- **Information provided**:
_ _ _ _
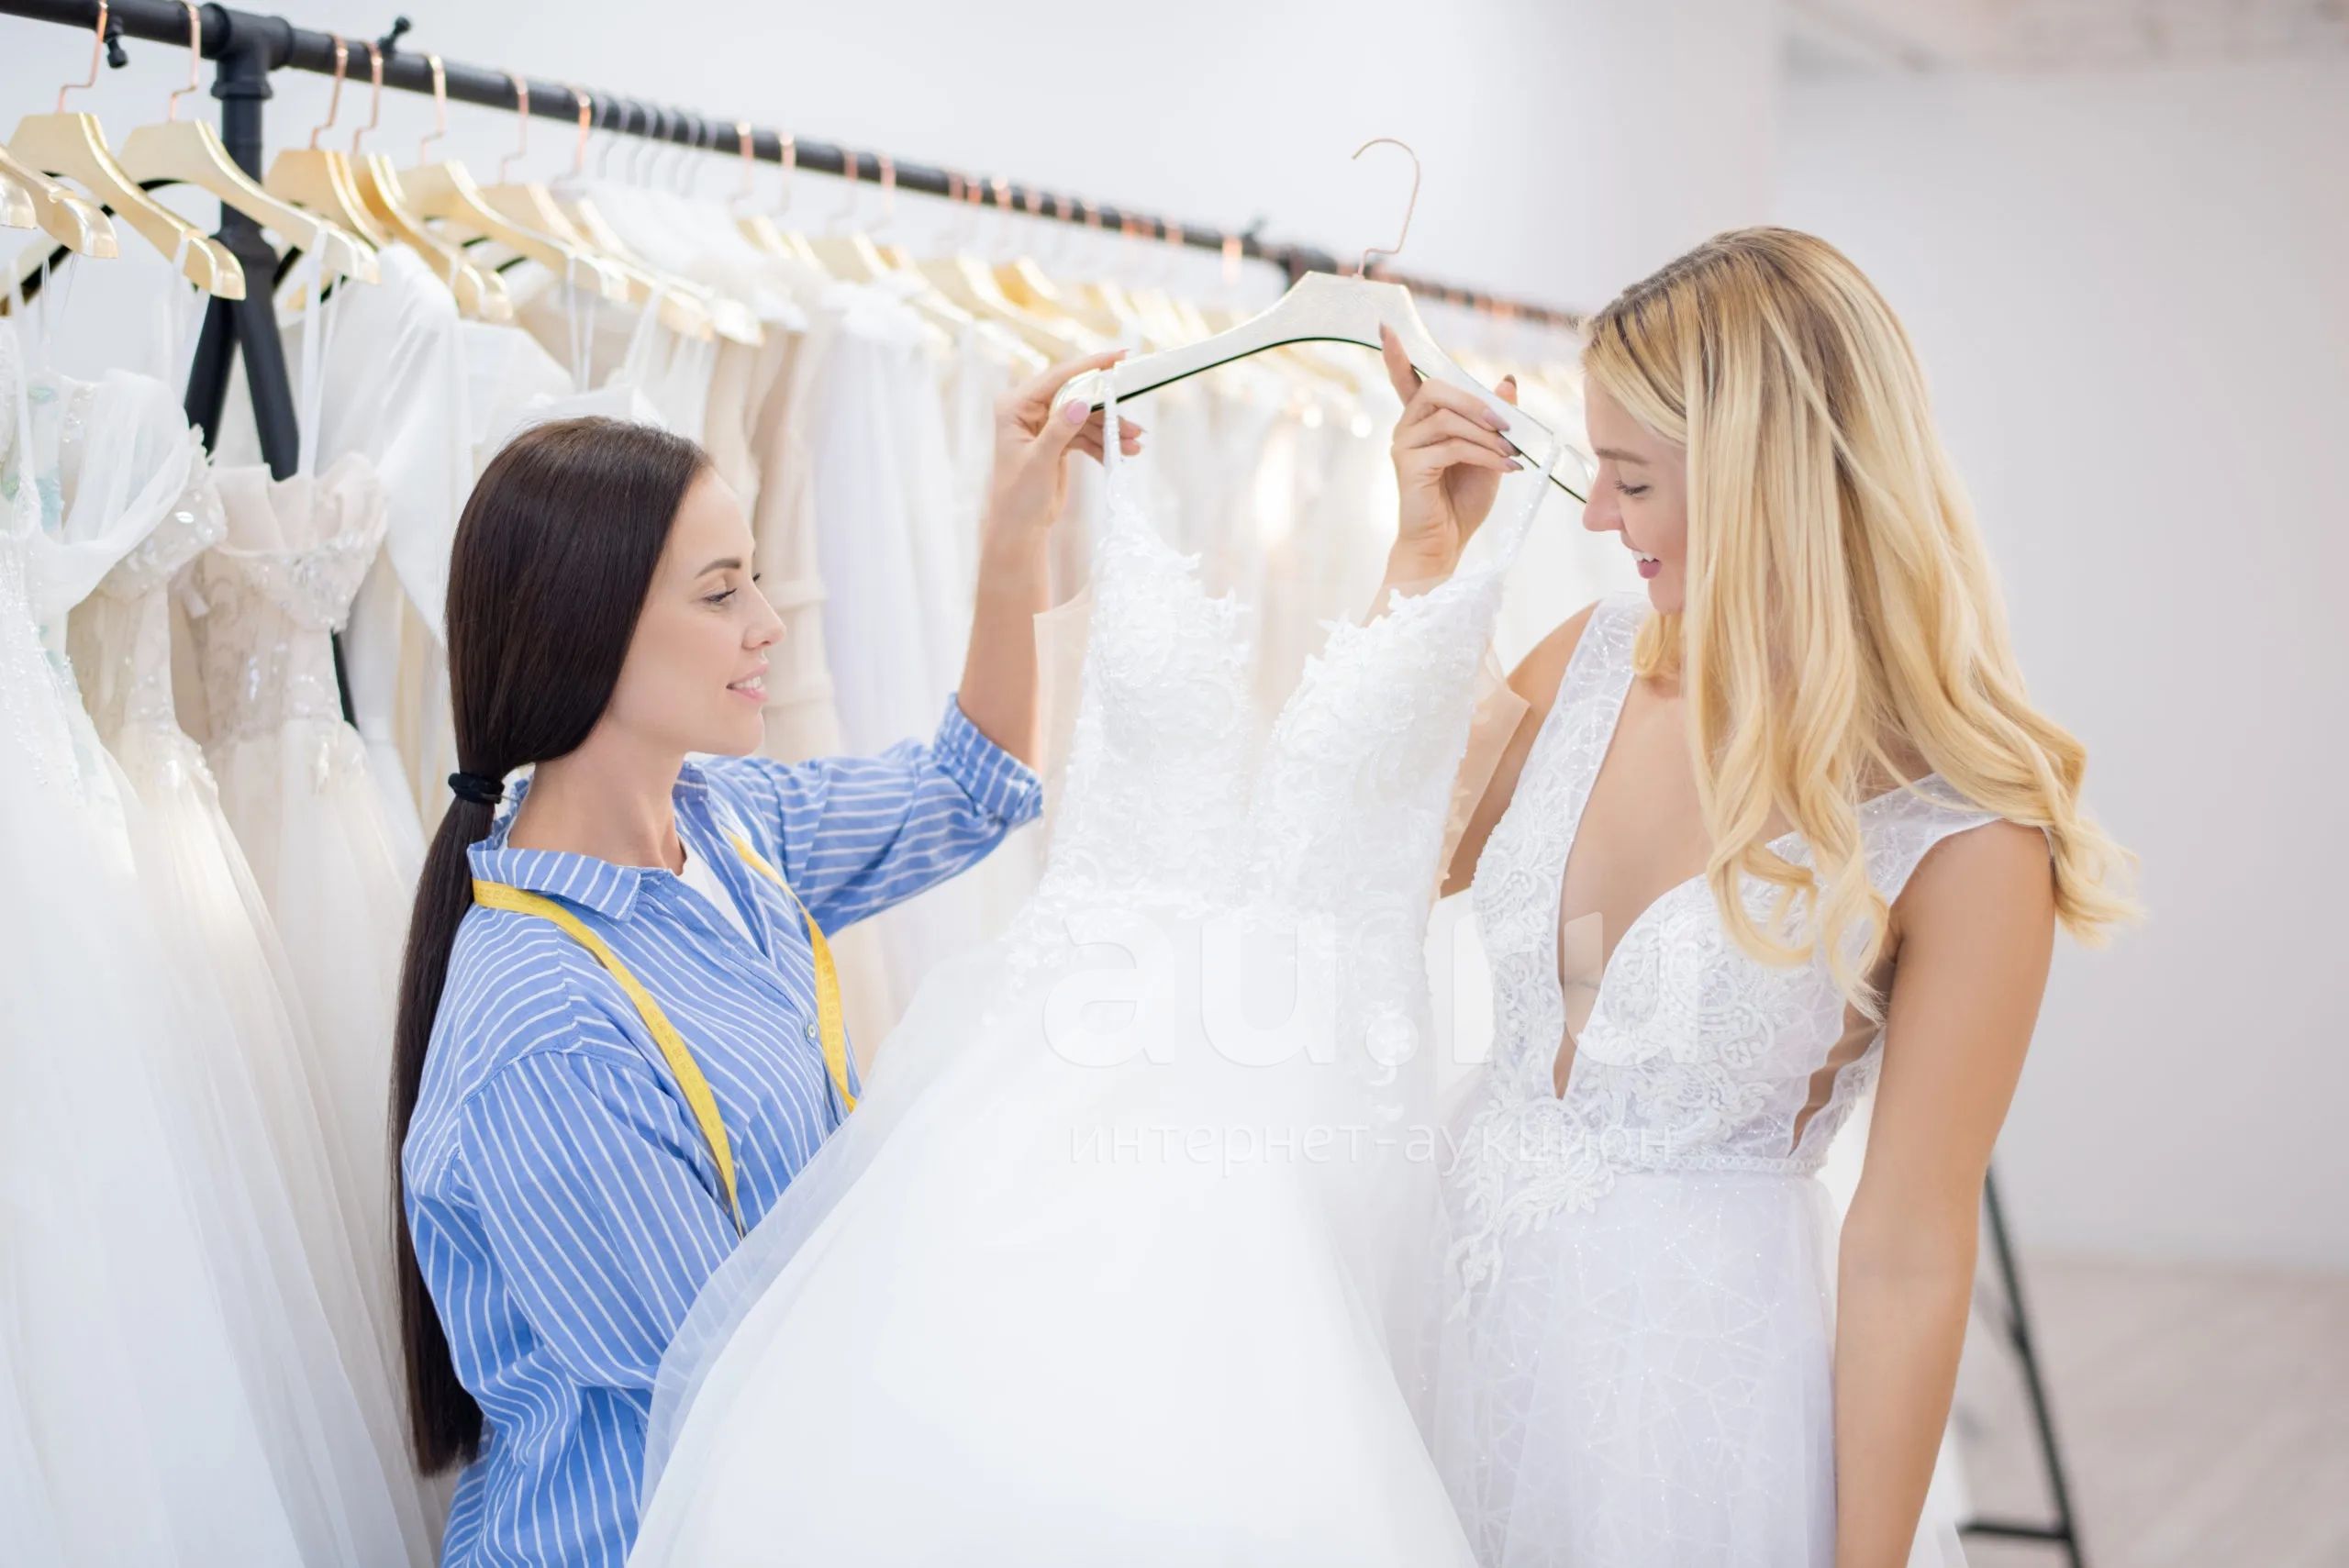 Купить платье примерка. Примерка свадебного платья. Примерить свадебное платье. Девушка в свадебном салоне. Примеряет свадебное платье.
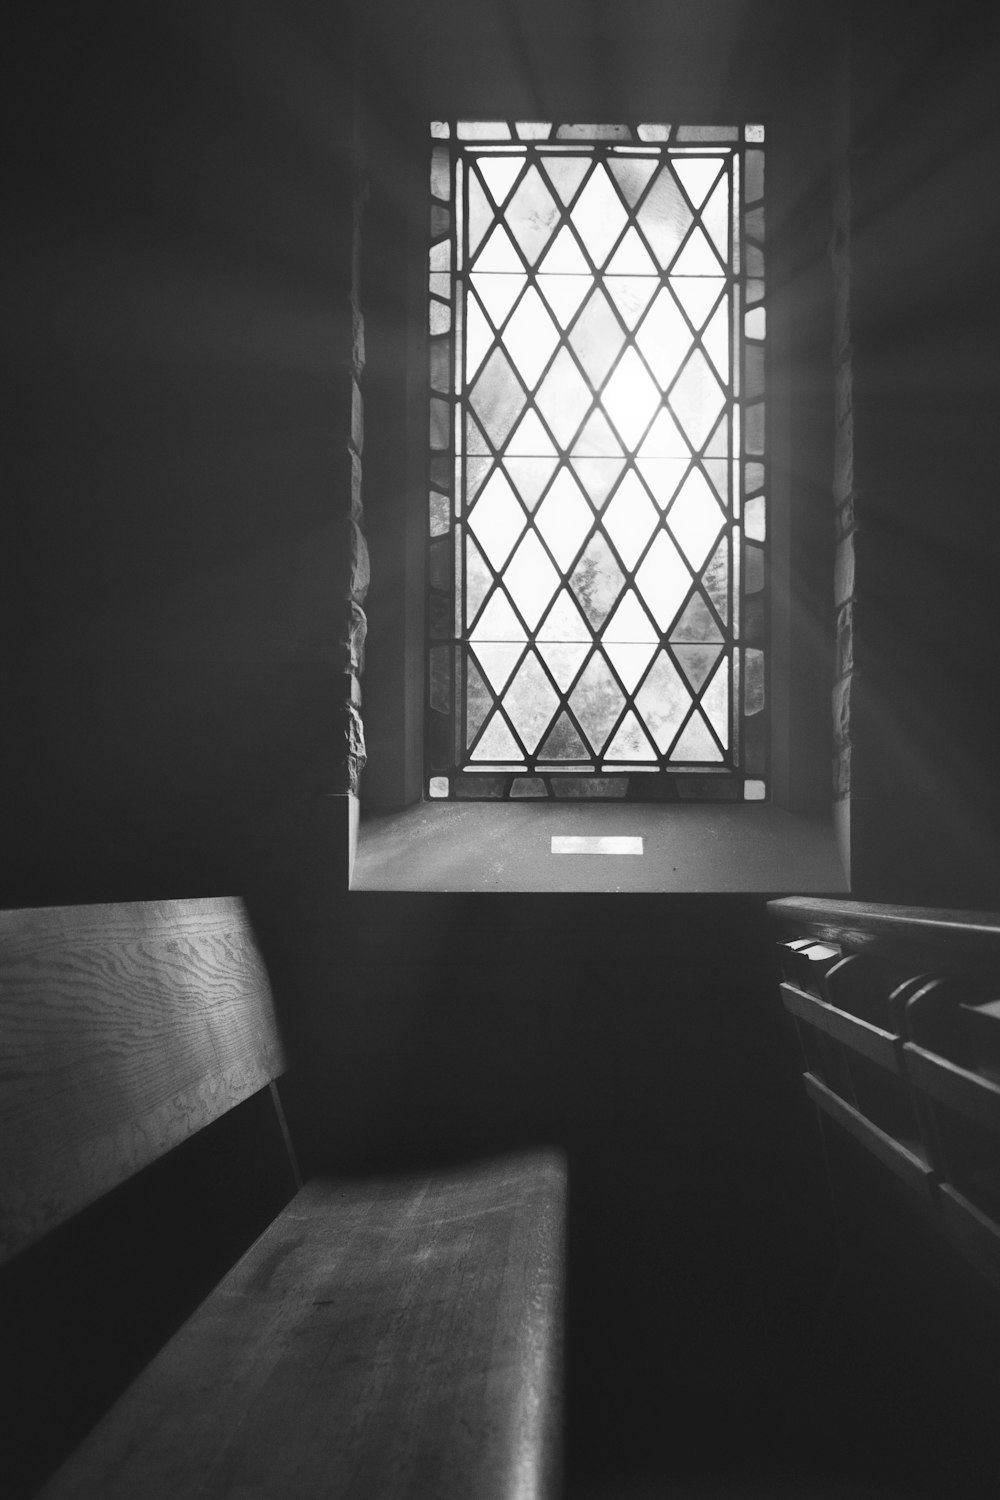 uma foto em preto e branco de uma janela da igreja
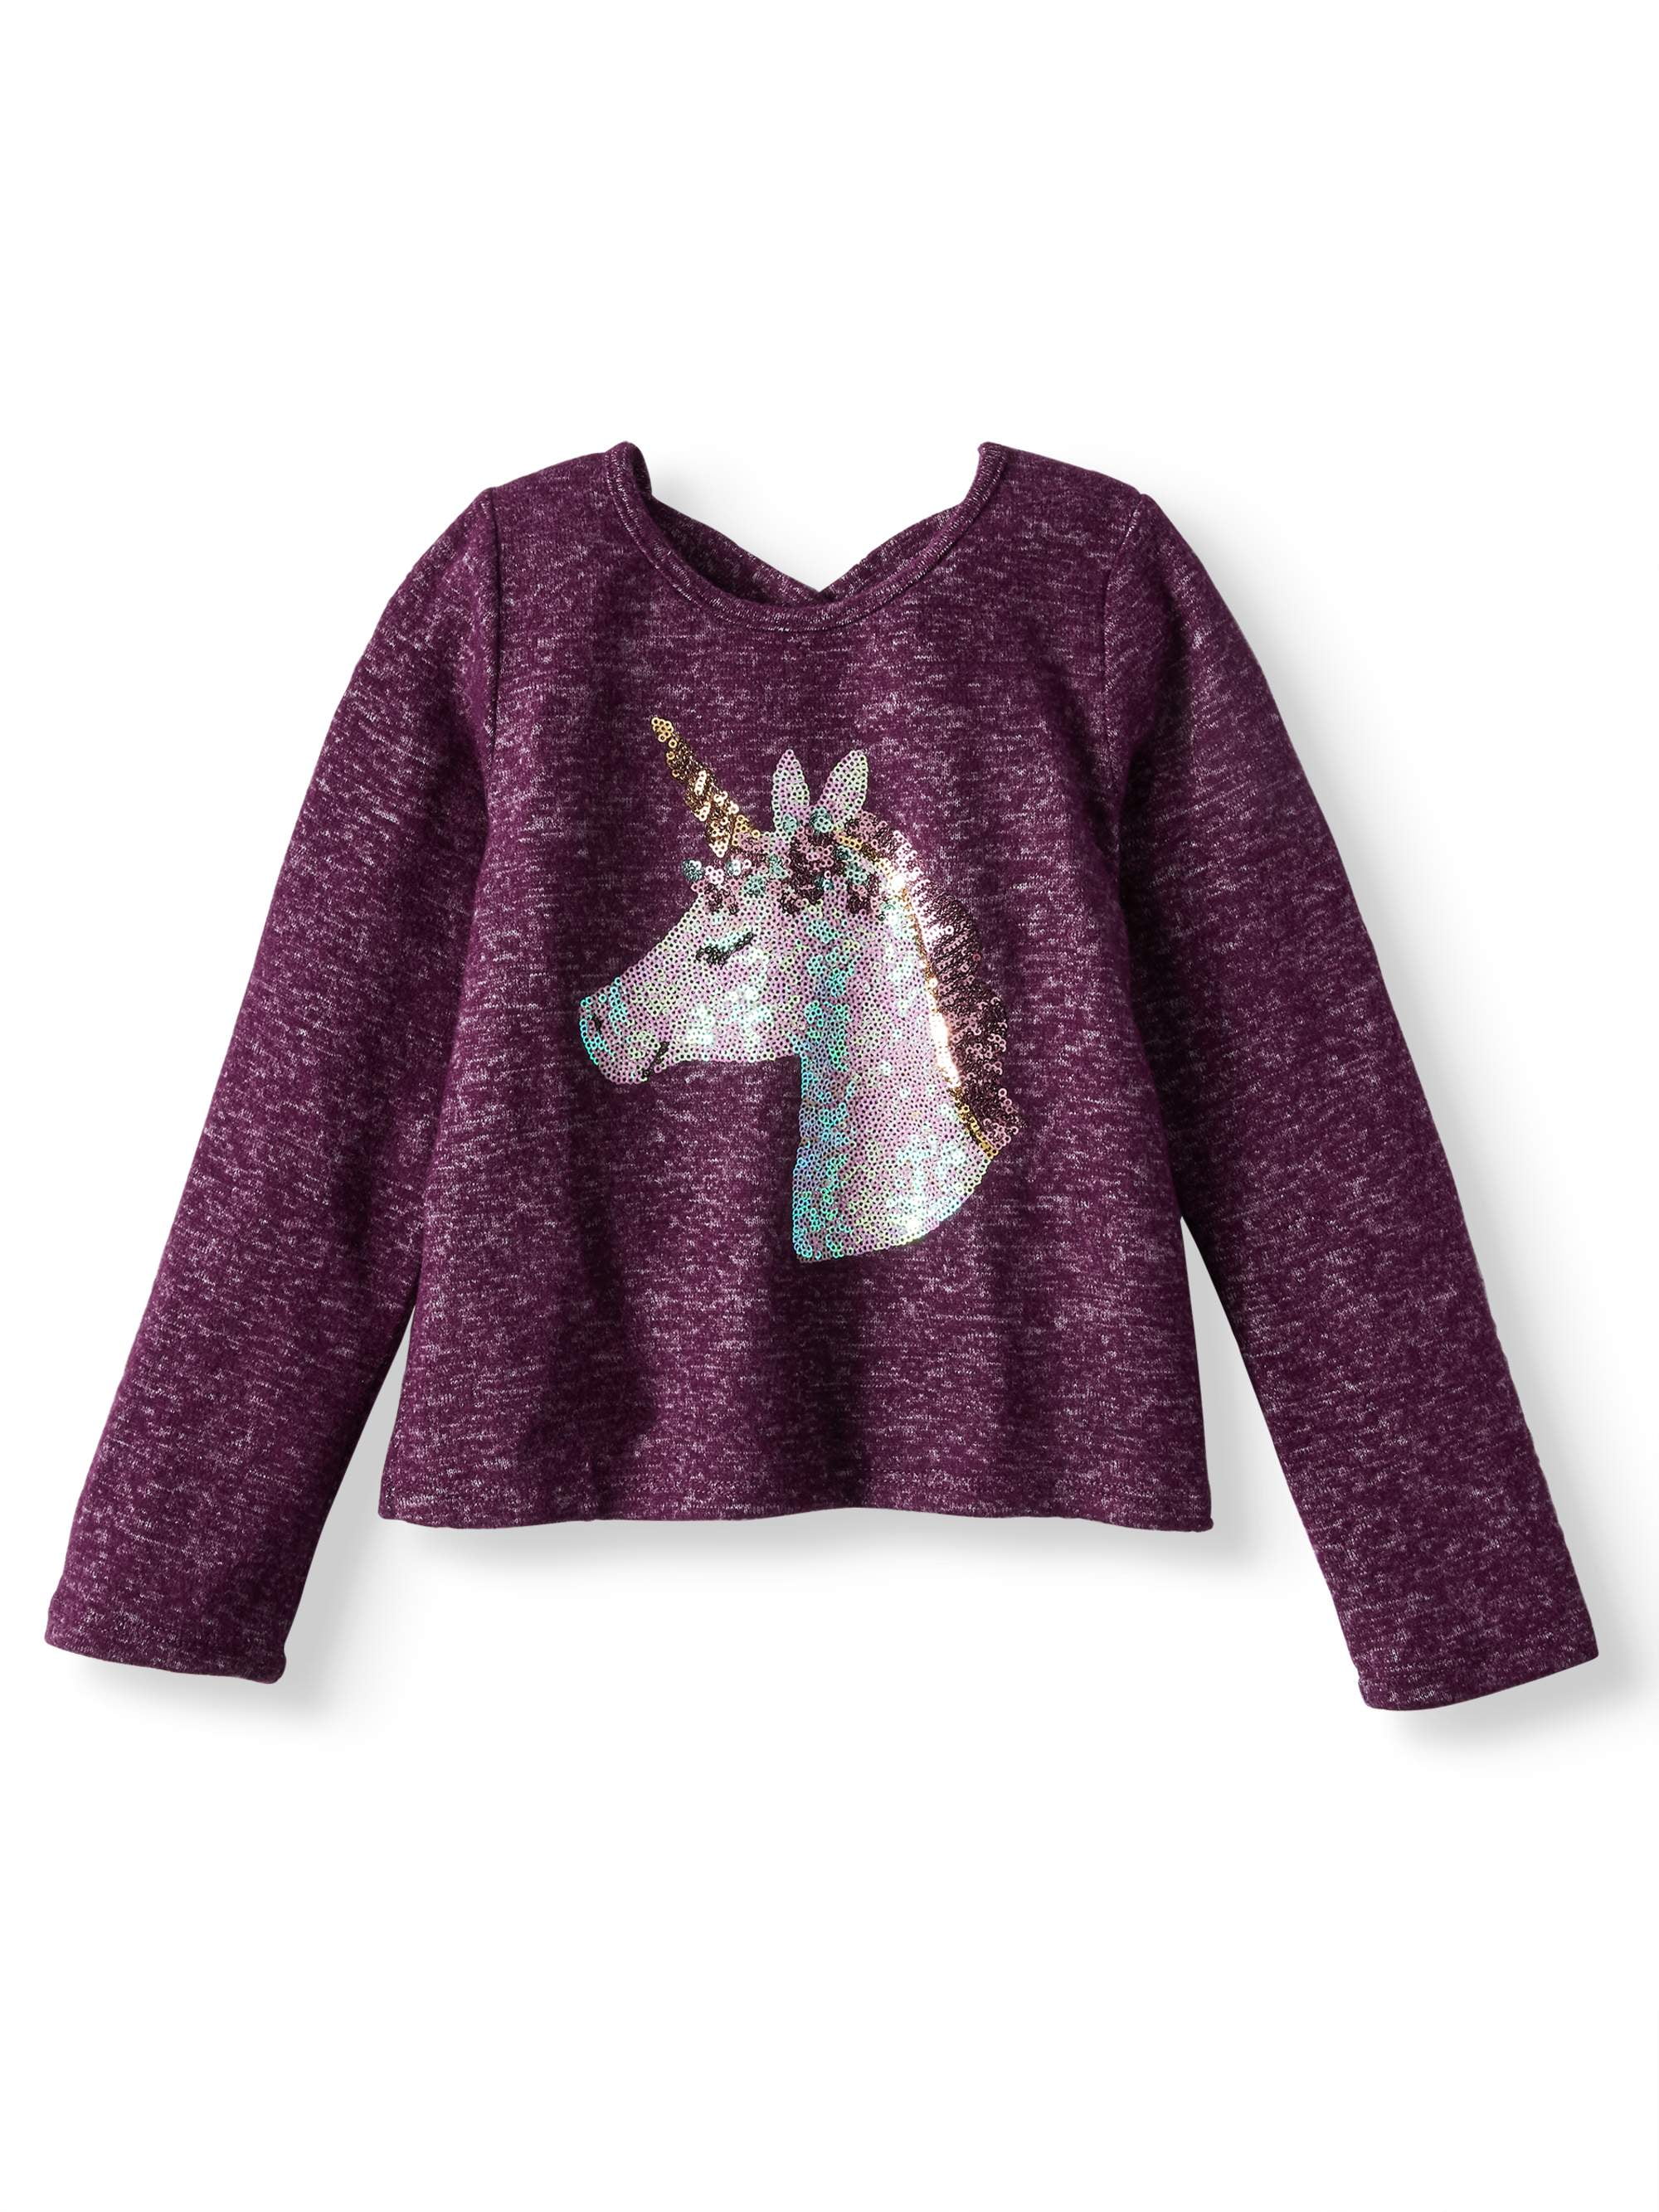 Sequin Unicorn Sweater Knit Top (Little Girls) - Walmart.com
_ _ _ _
Going from the line with "uma foto em" to the last line of the listing, write out each line exactly and nothing else. Leave out all pictures.

- **Written answer**:
 uma foto em preto e branco de uma janela da igreja
 Sequin Unicorn Sweater Knit Top (Little Girls) - Walmart.com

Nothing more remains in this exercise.